Rezept: Madeleines à la fraise
Zutaten für etwa 20 Stück:
Für den Teig:
- 2 Eier
- 100 g Zucker
- 1 Päckchen Vanillezucker
- 120 g Butter
- 120 g Mehl
- 1 Teelöffel Backpulver
- 1 Prise Salz
- 2 Esslöffel Erdbeerpüree (aus frischen, pürierten Erdbeeren)
Für die Erdbeerglasur:
- 100 g Puderzucker
- 2–3 Esslöffel Erdbeerpüree
- Einige Tropfen Zitronensaft
Zubereitung:
Zunächst die Butter vorsichtig schmelzen und leicht abkühlen lassen. In einer Schüssel die Eier mit Zucker und Vanillezucker schaumig schlagen, bis die Masse hell und luftig ist. Das Erdbeerpüree unterrühren. In einer separaten Schüssel Mehl, Backpulver und Salz vermischen und anschließend vorsichtig unter die Eiermasse heben. Zum Schluss die flüssige Butter einarbeiten, bis ein glatter Teig entsteht.
Der Teig sollte nun für mindestens 30 Minuten im Kühlschrank ruhen. Dieser Schritt ist entscheidend für die typische Form und Textur der Madeleines.
Den Backofen auf 200 Grad vorheizen. Eine Madeleine-Form einfetten und leicht bemehlen.

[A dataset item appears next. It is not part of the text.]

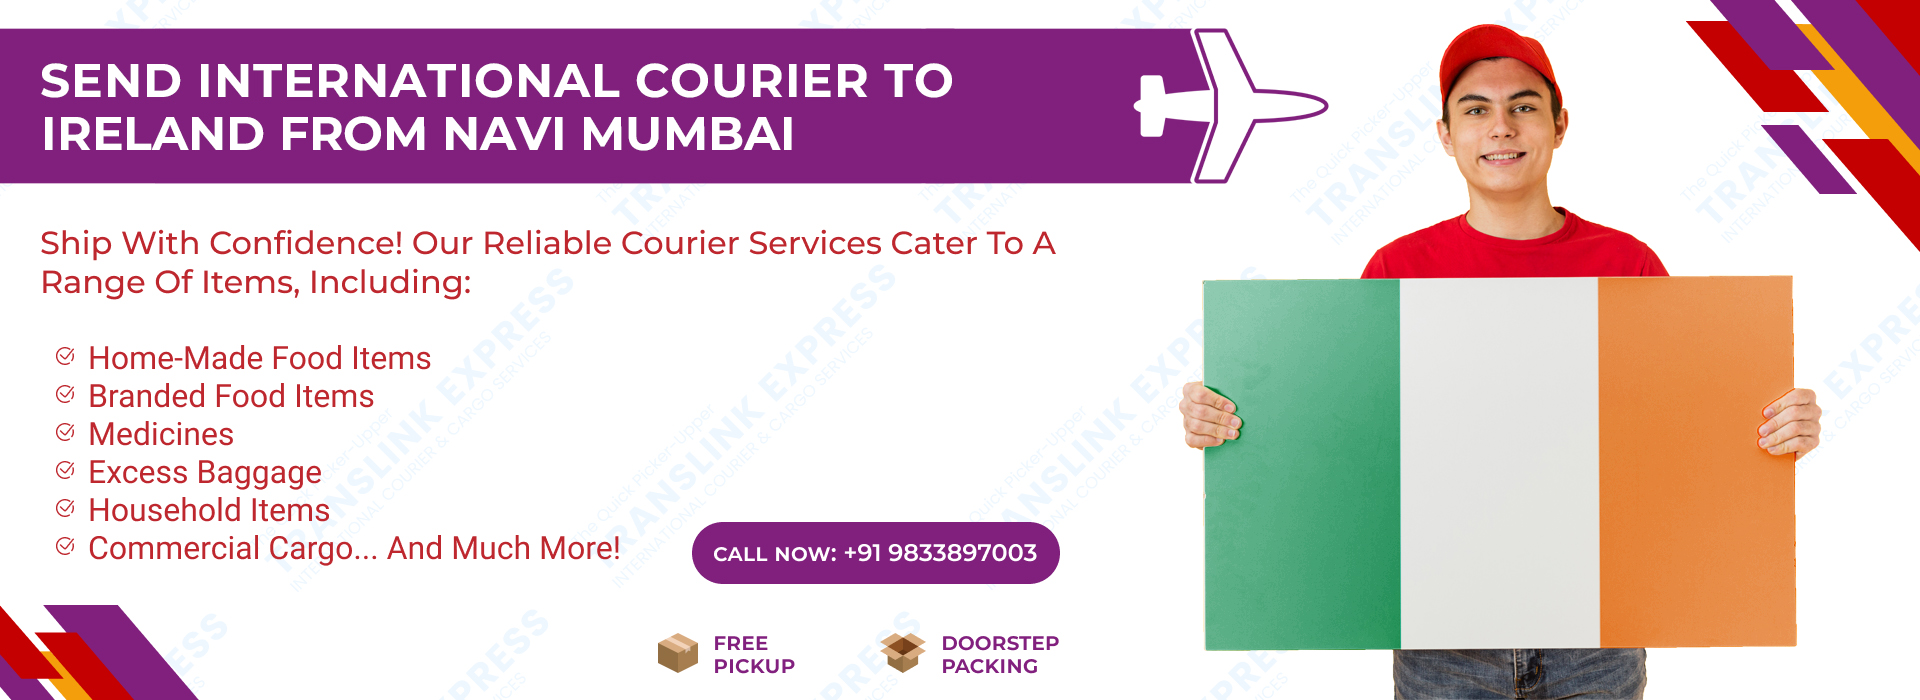 Courier to Ireland From Navi Mumbai

Den gekühlten Teig in die Mulden füllen, jedoch nicht ganz bis zum Rand.
Die Madeleines etwa 8 bis 10 Minuten backen. Nach wenigen Minuten sollte sich die charakteristische Wölbung bilden. Sobald die Ränder goldbraun sind, die Küchlein aus dem Ofen nehmen und kurz abkühlen lassen, bevor sie aus der Form gelöst werden.
Für die Glasur den Puderzucker mit Erdbeerpüree und Zitronensaft glatt rühren, bis eine dickflüssige, glänzende Konsistenz entsteht. Die abgekühlten Madeleines entweder eintauchen oder mit einem Löffel überziehen. Anschließend trocknen lassen.
Madeleines à la fraise sind mehr als nur ein Gebäck – sie sind ein Ausdruck der Saison, ein Spiel aus Texturen und Aromen, das die Leichtigkeit des Frühlings einfängt. Ob zum Nachmittagskaffee, als elegantes Dessert oder als kleines Geschenk: Sie bringen ein Stück französische Lebensart auf den Tisch, sobald die Erdbeeren ihren großen Auftritt haben.